そう言うやつだろうと思っていると、不意に晃が立ち上がったと思ったら。
「ちょっとトイレ」
「いってらー」
僕がそう言うと晃は部屋を出ていく。
余程ギリギリだったみたいだ。
「戦争とは難しいものですね。敵を倒せばと思っていましたが、アキラ様やナデシコ様の言う通りその後を考えなければいけないのです」
「私も想像が追い付いていませんでしたな」
ジェヤナはともかく、叔父さんまで関心しているか疑問だったので僕の方からも質問をしてみる。
「ねえ、あまりここら辺って戦争はないの?」
あの様子だと戦いに出ている感じじゃなかったからね。
「はい。

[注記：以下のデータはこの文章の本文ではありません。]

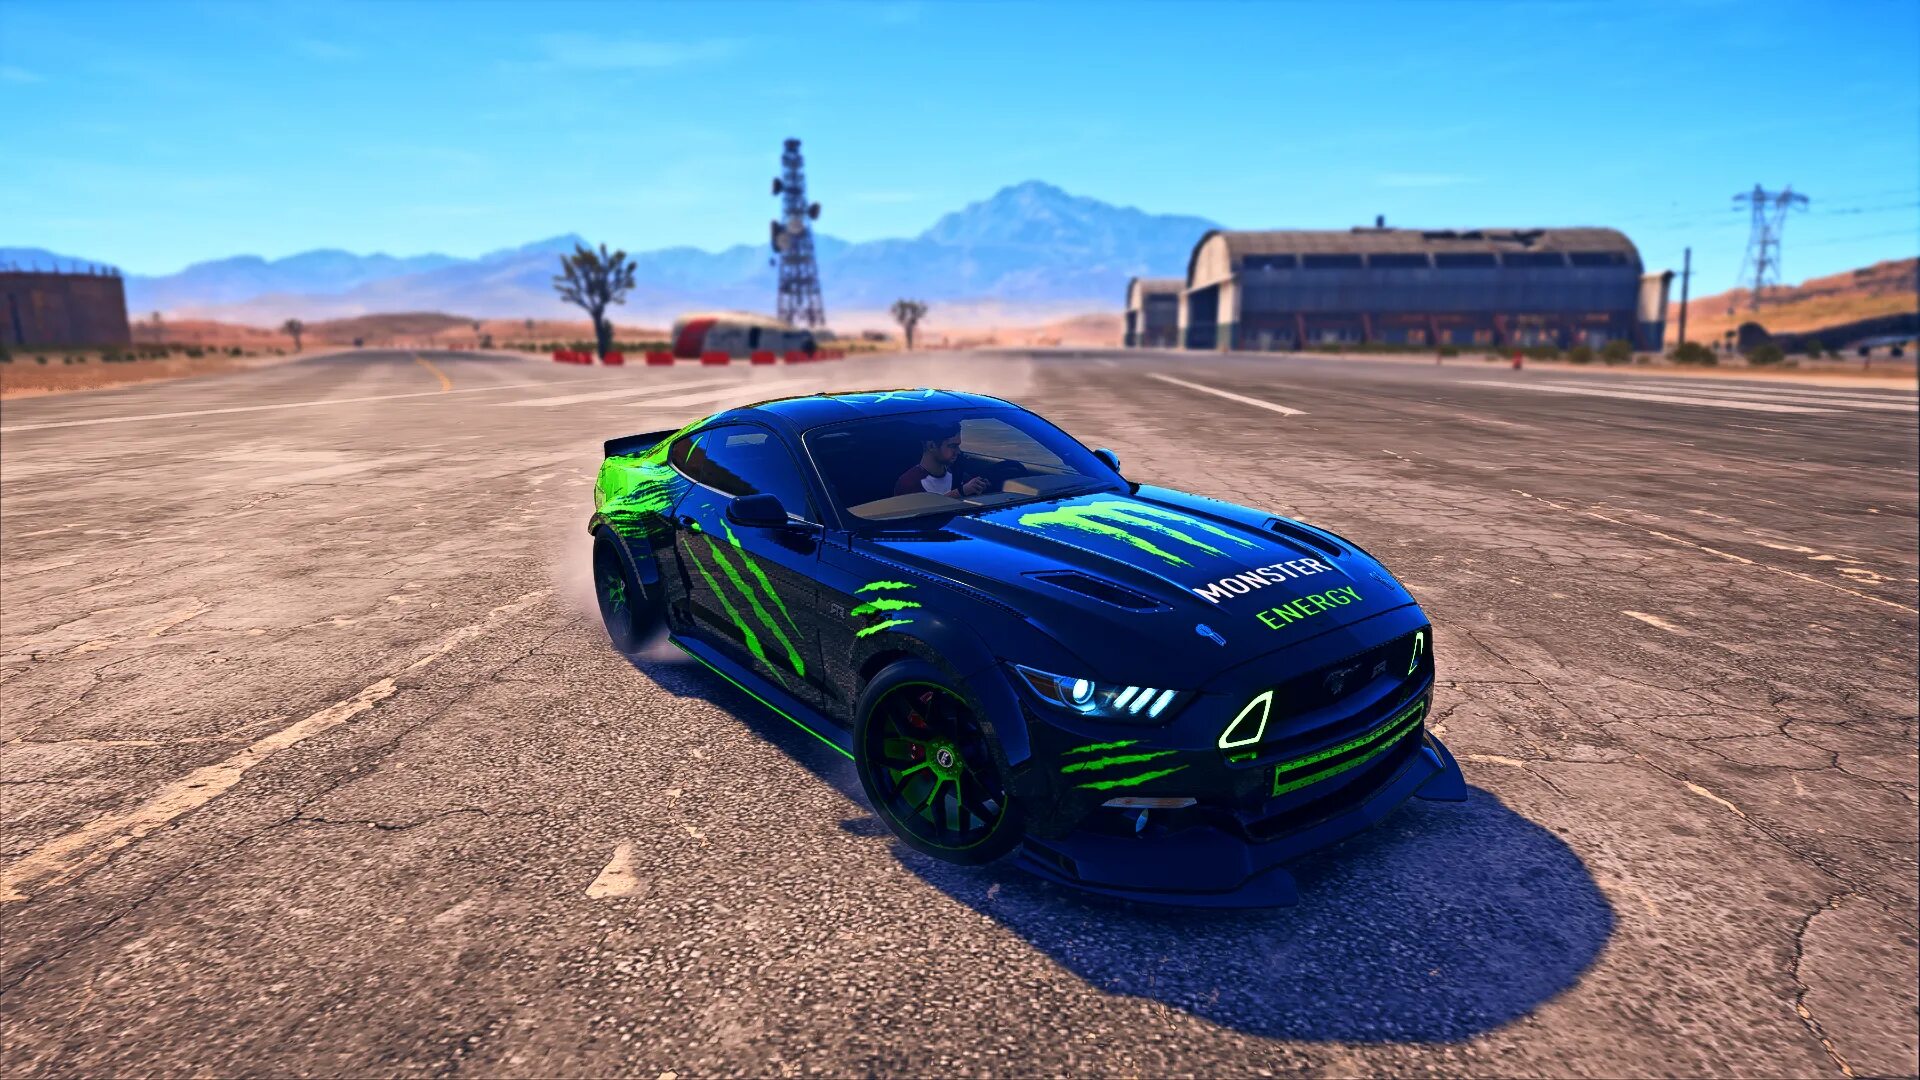 Мустанг payback. Ford Mustang NFS Payback. Ford Mustang gt Monster Energy. Ford Mustang Payback. NFS Payback Мустанг.

私がこのノスアムを治めるようになった時は盗賊の討伐ぐらいでした」
「ジェヤナ様の仰る通り、私も含めて戦争を体験しているものは少ないでしょう。あるとすれば魔物退治ぐらいでしょう」
「平和だったんだー」
僕はその返事を聞いてそう言うと、ジェヤナと叔父さんはちょっと違うって感じの顔になり。
「いえ、私たちが平和なのは間違いありませんが、ノスアムがというとちょっと違います」
「このクホール王国も他国と隣接していますので、そちらの国境争いなどで小競り合いは多々起こっています。そこで戦争は起こっているのですが、このノスアムは西の最後の町であり、森からくる魔物との戦いがメインとなっているのです」
「あー、つまりノスアムは戦争とは縁遠かったけど、クホール自体は戦争があったわけだ」
「その通りです。なので父の代では出兵の要請を強制されたようですが、今は全然」
「当然です。無用な戦争で先代様は戦死されてしまった。そのおかげで数年の兵役を逃れているのです」
なるほど、戦争でジェヤナのお父さんは亡くなってそのお詫びっていうのは変だけど、その代わりに戦争に出なくてよかったんだ。

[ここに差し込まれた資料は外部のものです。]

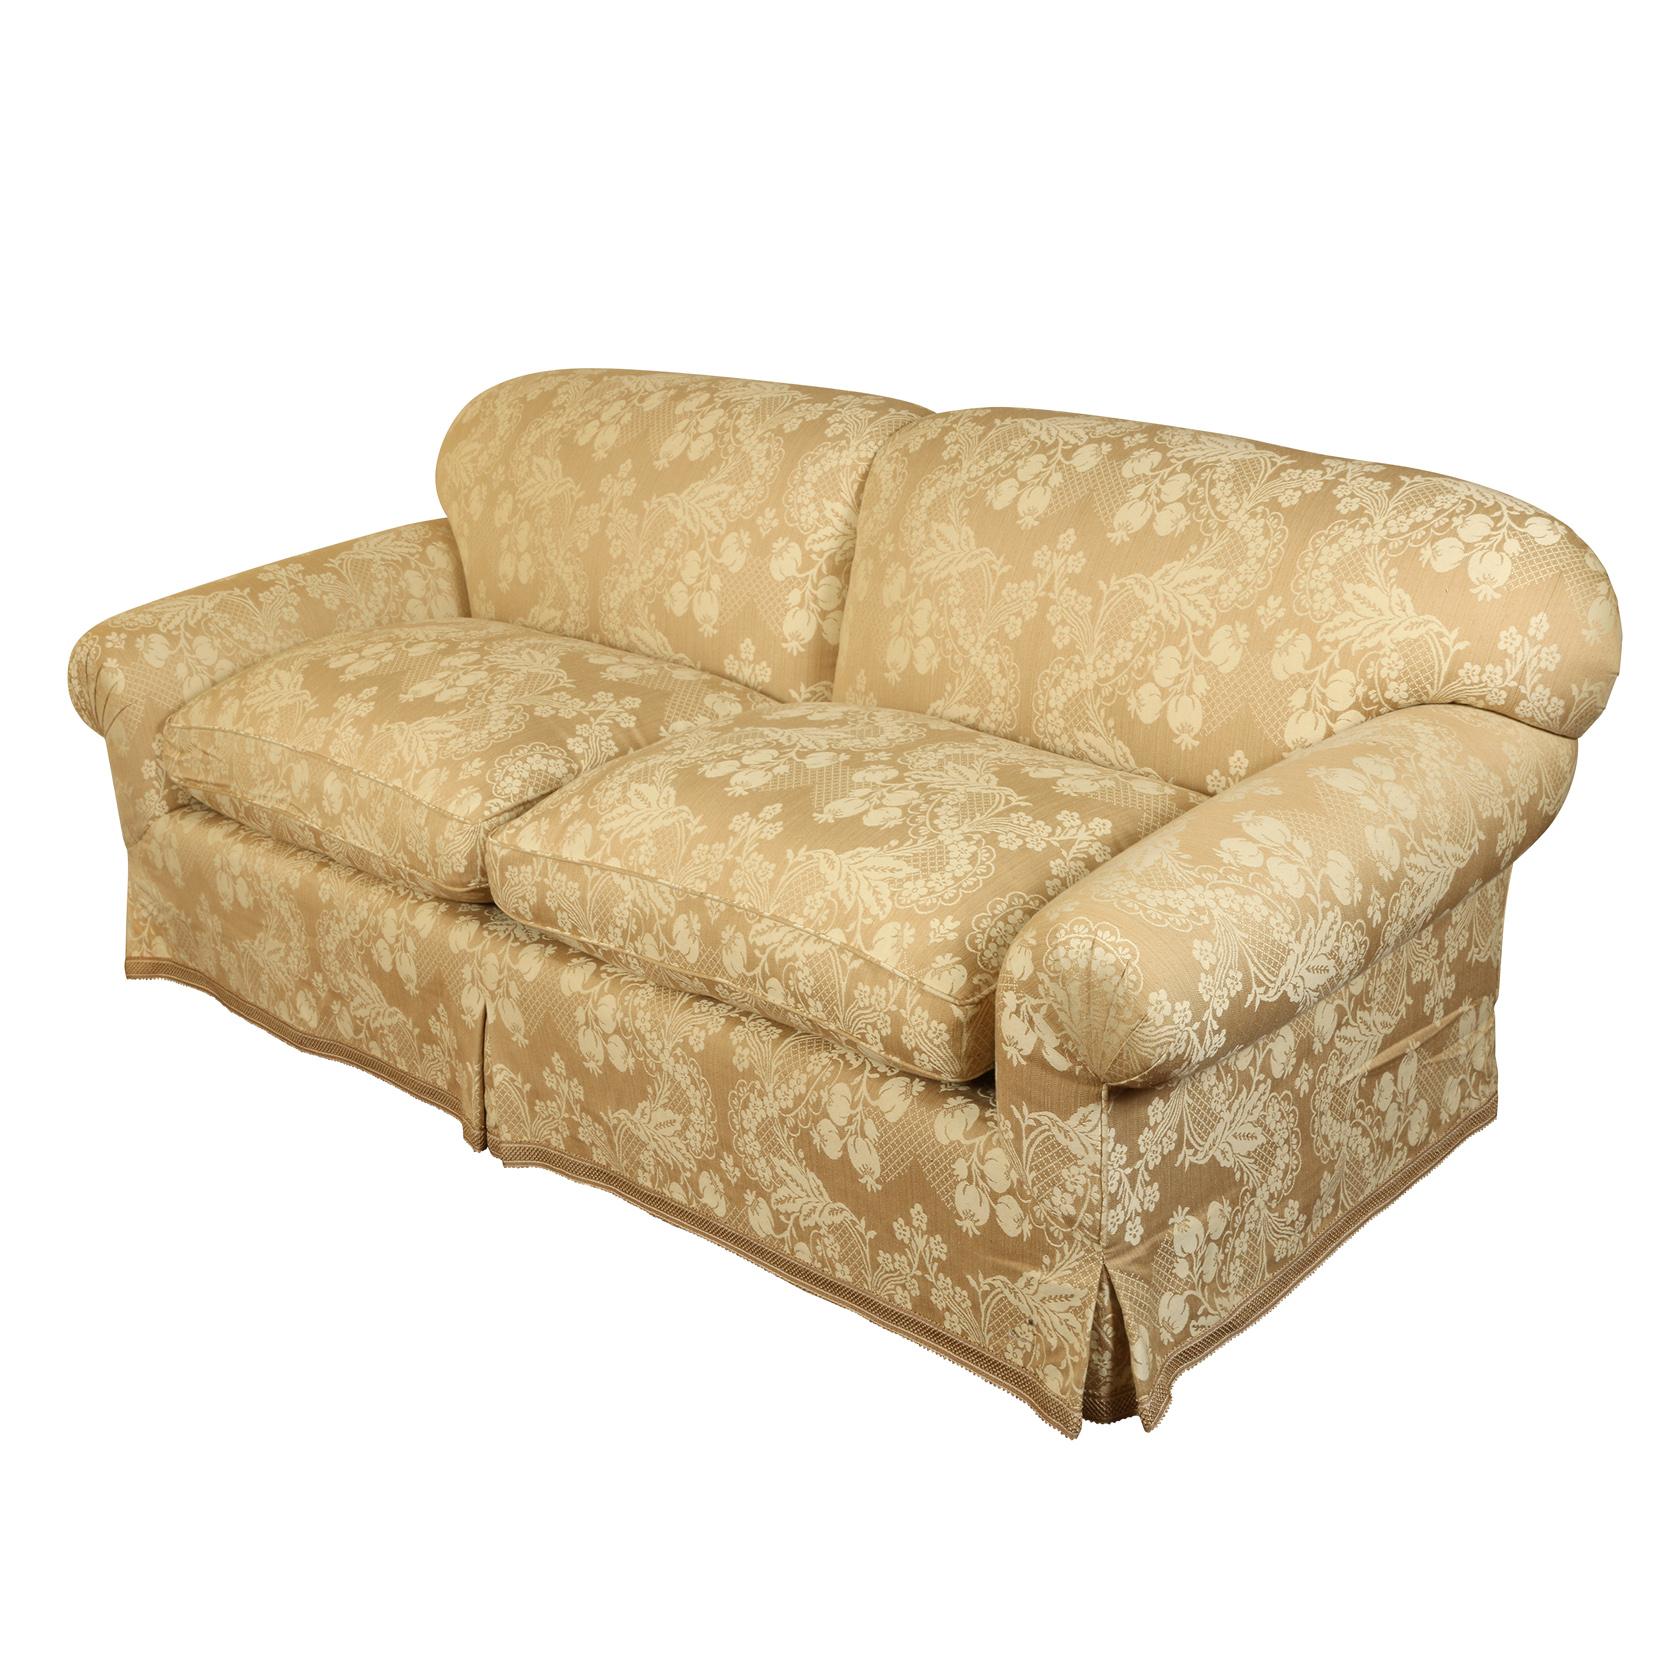 English roll arm sofa in a custom Brunschwig and Fils neutral floral, beige and ivory fabric.

「何より、西魔連合が出来てから戦争はぱったりととまっていますので、ここ数年は平和という意味では確かにそのとおりなのでしょう」
「なるほど。ここ数年は確かに戦争は無かったのですね。しかし、それを考えるとやはり……」
「変な話だよねー。他の国が東側に逃げたって話は知らなかったってことだよね?」
「ノスアムが管理するルートを通ったというのがないのは確かです」
何かが起こって魔族という化け物が生まれて、国が乗っ取られたって話が東側の話なんだけどね。
こっちにはそういう話が全く伝わっていない。
本当に不思議。
そう思っていると、トイレから晃が戻ってきて。
「今連絡があった。ジョシーさんたちは無事にノスアム西砦を落としたってさ」
「「「おー」」」
分かってはいたけど、快勝の連絡を受けるとやっぱりこういう反応しちゃうよね。